Flattening GPU Tile Hierarchy

This article explains a couple of useful concepts and techniques on how to obtain better performance from new massively parallel accelerators in applications that use OpenMP or C++ with SYCL. This applies to both prebuilt applications and ones that we may modify and build ourselves.

In systems with multiple GPUs, or GPUs that contain multiple GPU tiles, it is useful to control which of these devices are exposed to each application and how. This gives us the power to both optimize individual applications and manage resource allocation between multiple applications.

James R Reinders

Why do we need to know this? As computers get more and more powerful we always see hierarchies emerge in designs that may require us to modify our coding practices when we are intent on extracting maximum performance. In the case that motivates this article, when an accelerator (e.g., GPU) becomes more powerful by having more execution units than fit on a single tile, there are performance differences between tile local activities and activities that span across tiles. To maximize our flexibility as programmers, we are given multiple ways to present the hardware to our applications. In FLAT mode, we have multitile components presented to the application as if they were multiple devices. This approach matches this newer multitile non-uniformity to the roughly equivalent situation of dealing with the non-uniformity of multiple devices. For more sophisticated programming approaches, other modes of operation exist to expose the full details of the hierarchy which allows us to customize our code to manage the different levels of non-uniformity at each level of the hierarchy. The choice is ours, and the default (as of late 2023) FLAT mode starts us with a mode that mimics the non-uniformity that many applications already address. As mentioned late in this article, we also have ways to divide accelerators between multiple applications.

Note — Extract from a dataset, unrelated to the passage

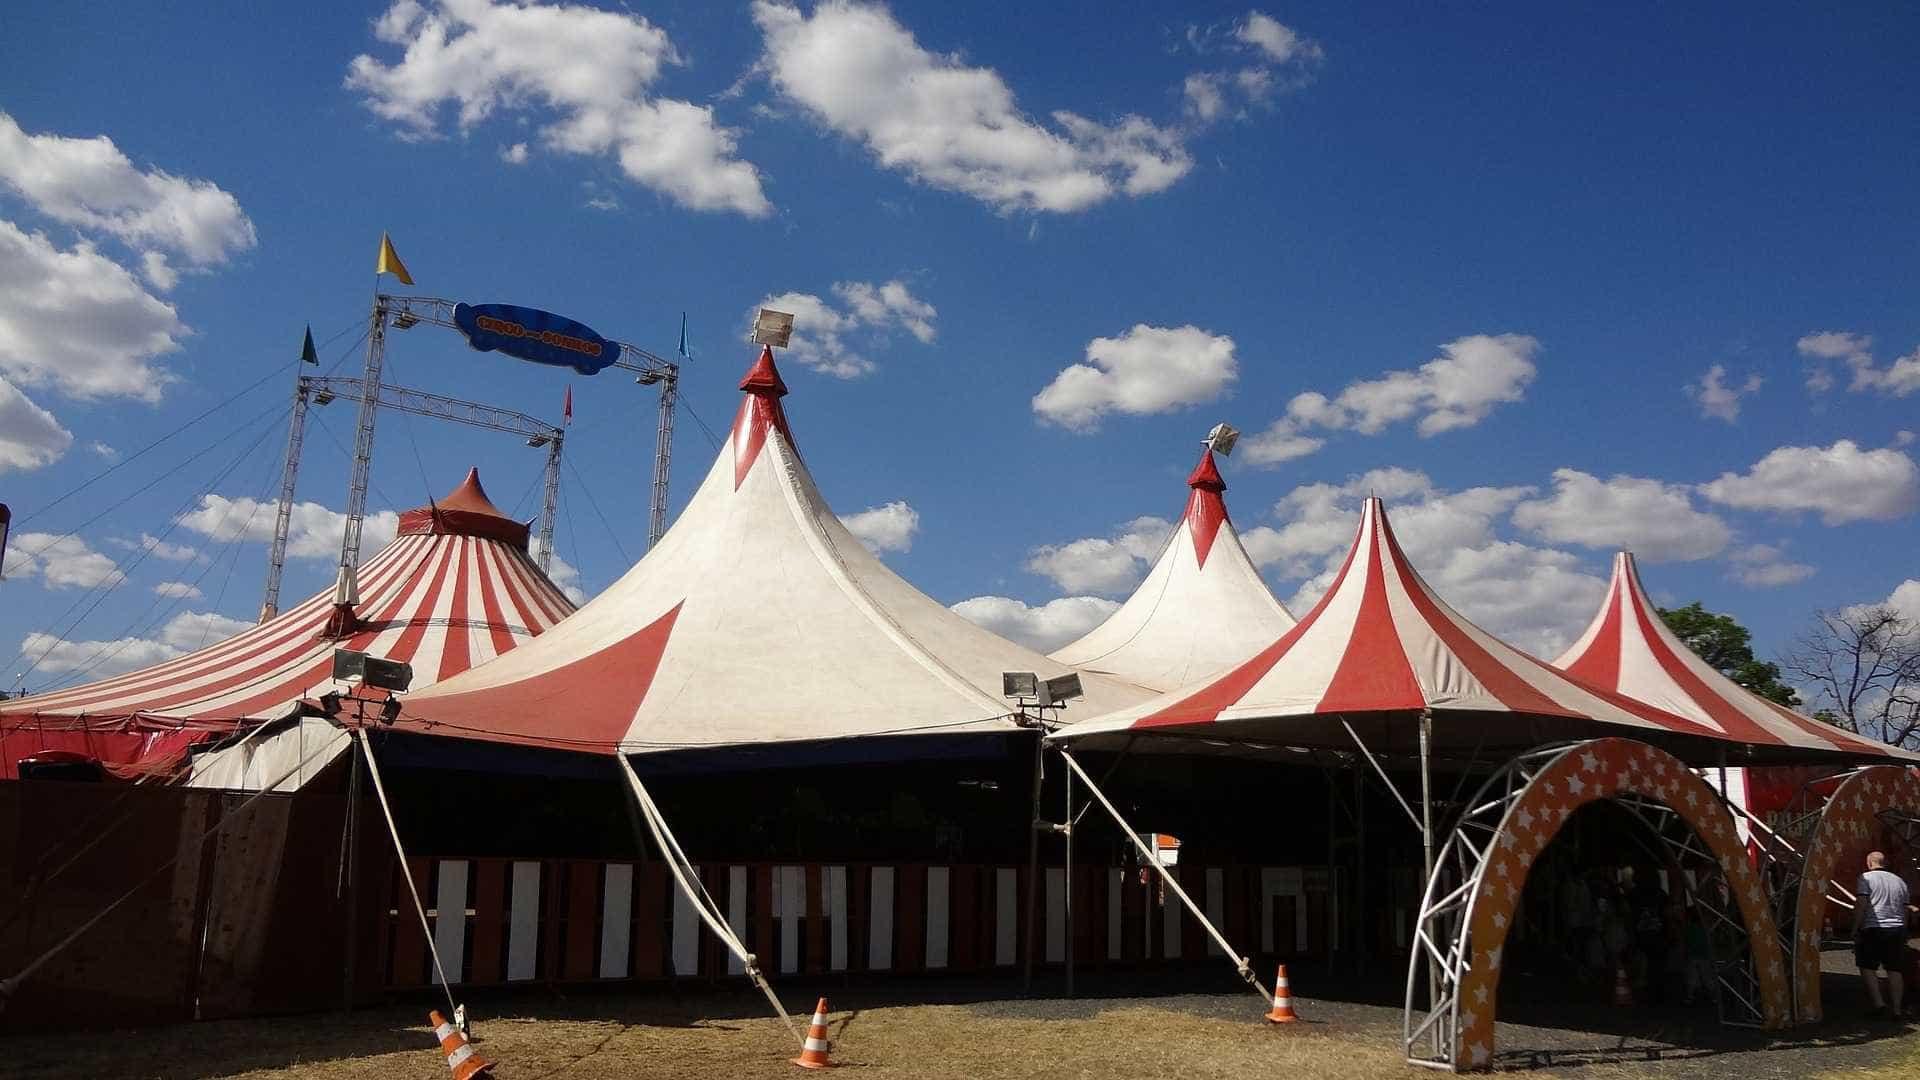 Morre trapezista que caiu durante espetáculo de circo em Cuiabá

Managing GPU tile hierarchy and affinity with environment variables

Key environment variables exist to help control two factors:

Whether multi-tile devices are viewed as a combined device with sub-devices, or as multiple devices.
Which devices/sub-devices are visible at all.

The use of the environment variables means that we control what an application “sees” without changing the application. This gives us controls that we can put into scripts to divide up our system exactly as we wish and expose each specific application to the hierarchy that is best for that application’s performance. We can also restrict what one application can use while concurrently giving different restrictions to another application.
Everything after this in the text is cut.